If you really want to enjoy Bratislava in the Springtime, you also need to visit its parks. The Medical Garden (Medická záhrada) and Presidential Garden (Prezidentská záhrada), nestled in the Old Town, host numerous interesting events throughout the year. Hopefully this year will be no exception. Take a blanket, a bite to eat, and head for Janko Kráľ Park. Relax on the grass, do a bit of sport, and don’t forget to take a stroll along the waterfront, where you can enjoy views of the city centre.
Horský park (Mountain Park) is yet another green oasis. For 150 years this park – just a short walk from the city centre – has been serving the public. You can enjoy the silence of the forest and the almost untouched nature here. It is home to a historic gamekeeper’s lodge where you’ll find animals, a creative playground, and a café. Nearby, the Slovak National Gallery manages an open-air gallery.
A little further afield, there are several places close to Bratislava where the crowds thin out and you may even find yourself completely alone. Go to the ruins of the lesser-known White Stone (Biely Kameň) Castle towering above the wine-growing town of Svätý Jur, or to the charming Jarovce Pheasantry (Jarovská bažantnica) and Malý Slavín.
And what would Spring be without the lively markets that take place daily at several sites across the city?
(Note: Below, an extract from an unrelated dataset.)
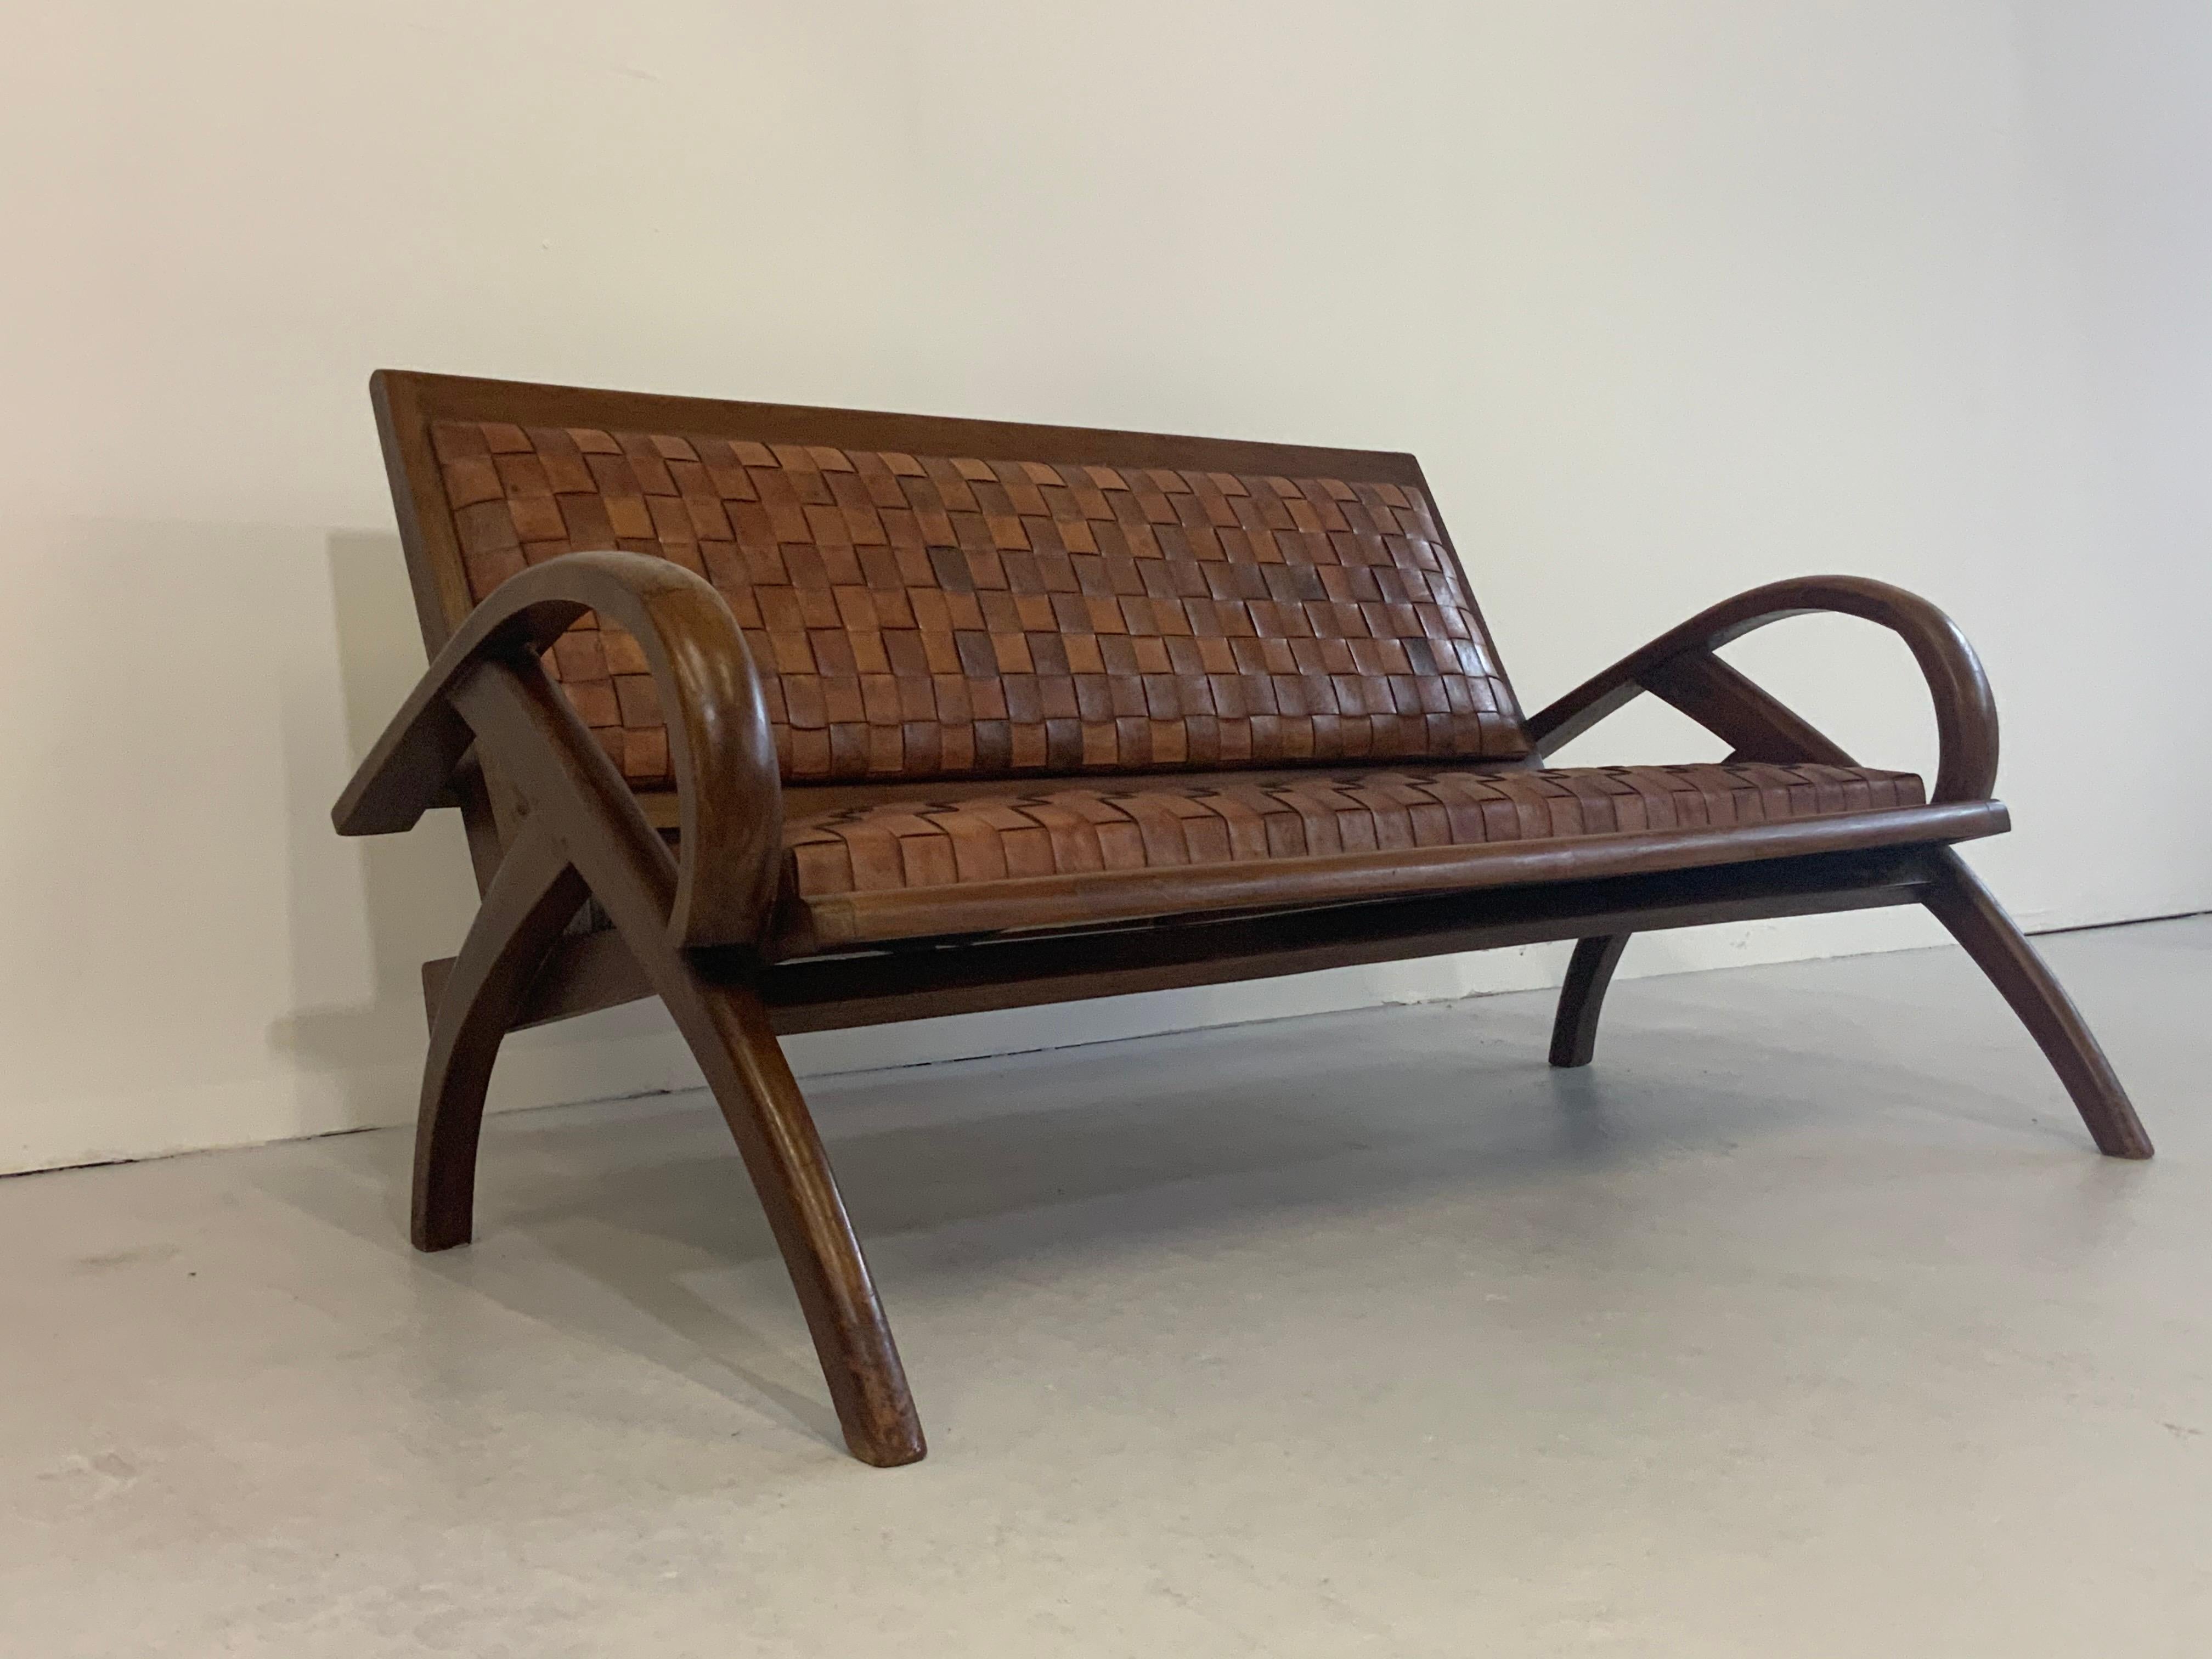 This captivatingly beautiful & very rare bench, settee ( 2-seat ) is a classical Scandinavian/ Danish Modern design beauty from 1950s-1960s. 

Special features are the thick webbed - marvellous patinated - leather stripes in cognac brown and the

You can buy fresh home-made products directly from the people that made them and browse all sorts of other goods. Then there is the Old Market Hall (Stará tržnica), home to large markets, and the renowned Miletička, a classic market definitely worth a visit as it will surprise you with its authentic atmosphere and many stalls teeming with fresh vegetables and fruit. Much the same ambience can be found at the smaller Žilinská market. If you can’t get enough of the festive treats or, on the contrary, want to take a break from them, check out the wide-ranging street food that Bratislava offers.
The capital of Slovakia is a 72-hour city. Plan your time there, find inspiration, and discover interesting places. Pick out what you enjoy and savour Bratislava to your heart’s content.